== TASK BRIEF ==
Could you copy exactly the lines below, beginning at the line with "I had to find" and stopping after the line with "Used 2012 BMW", with no pictures?

== THE INPUT ==

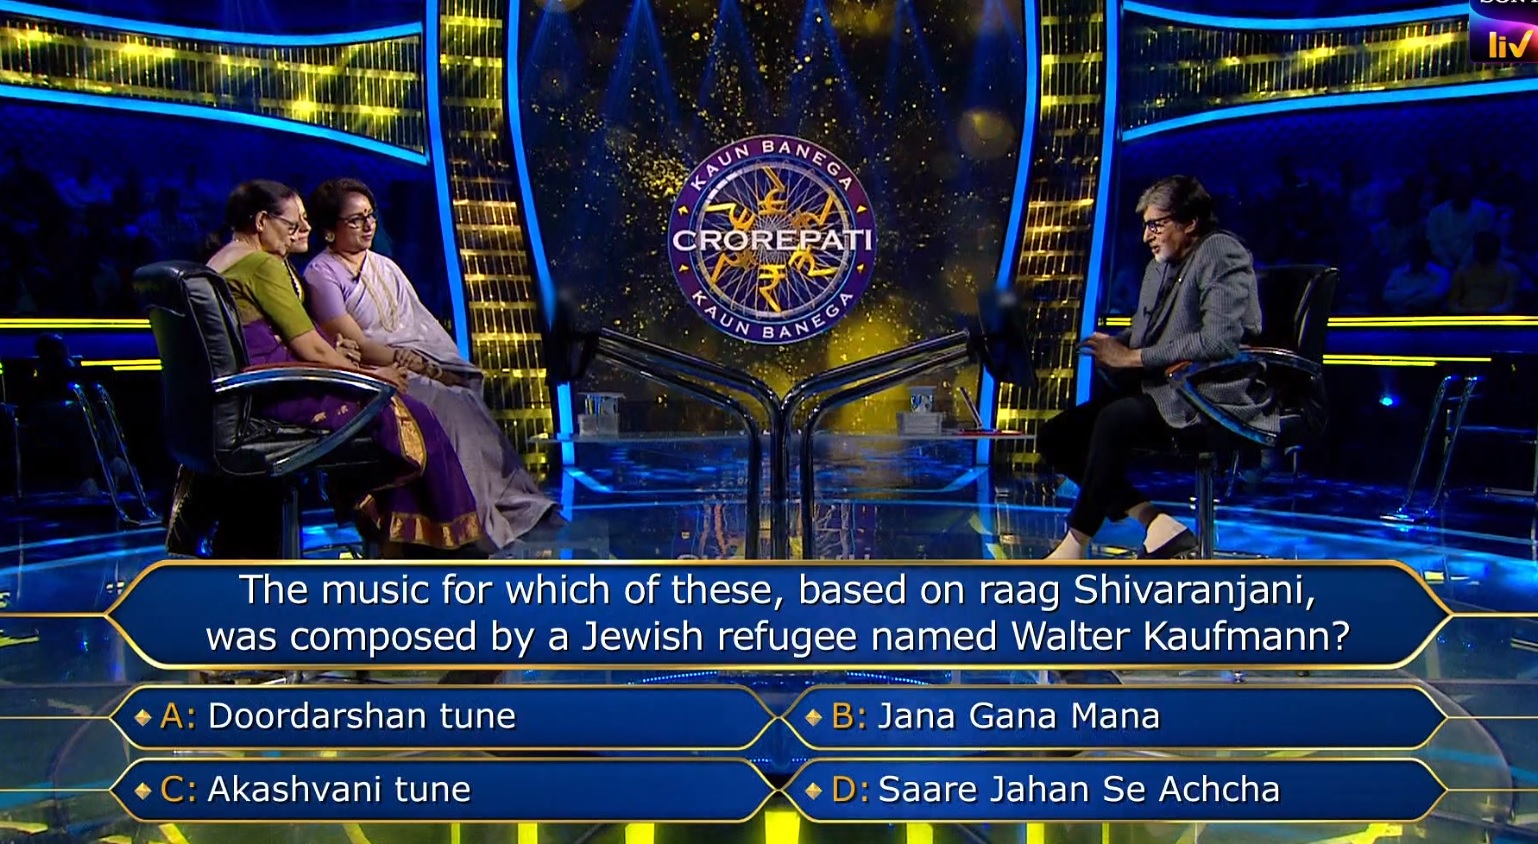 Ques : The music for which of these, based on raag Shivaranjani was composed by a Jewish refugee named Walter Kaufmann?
---
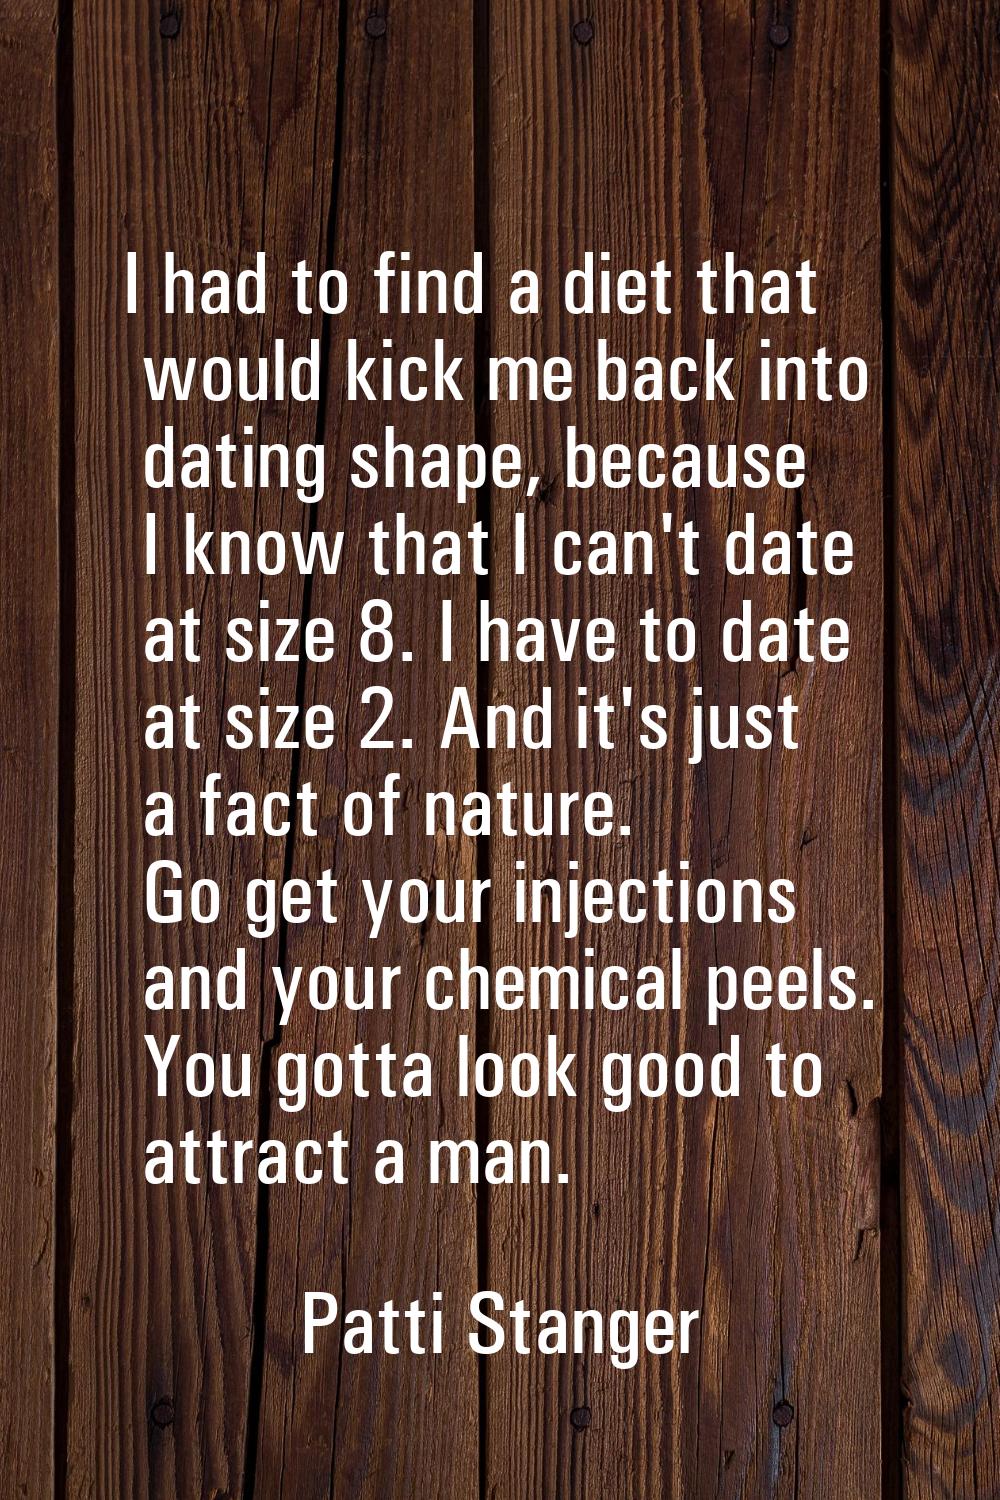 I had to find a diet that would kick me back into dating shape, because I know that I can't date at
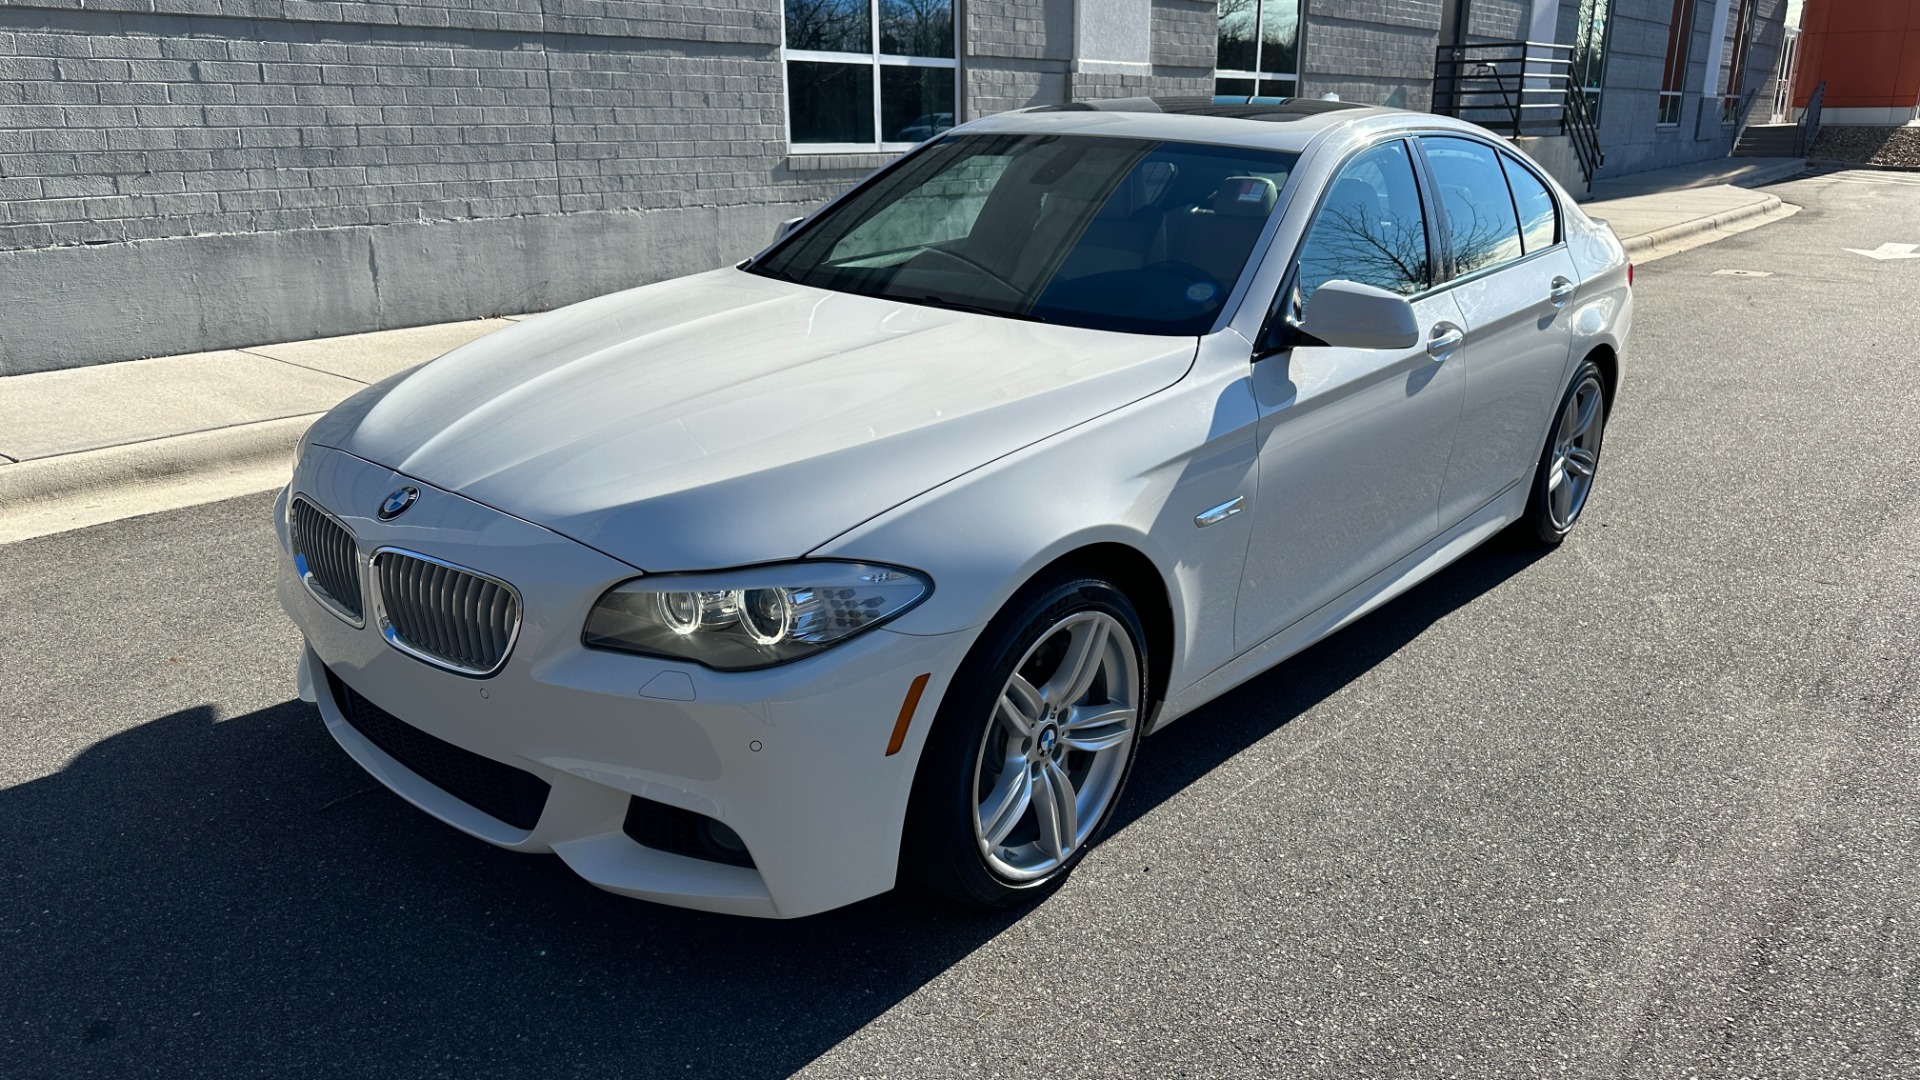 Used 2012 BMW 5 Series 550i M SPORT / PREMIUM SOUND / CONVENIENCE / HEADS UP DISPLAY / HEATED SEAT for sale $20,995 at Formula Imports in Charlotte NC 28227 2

== RESPONSE AREA ==
 I had to find a diet that would kick me back into dating shape, because I know that I can't date at
 Used 2012 BMW 5 Series 550i M SPORT / PREMIUM SOUND / CONVENIENCE / HEADS UP DISPLAY / HEATED SEAT for sale $20,995 at Formula Imports in Charlotte NC 28227 2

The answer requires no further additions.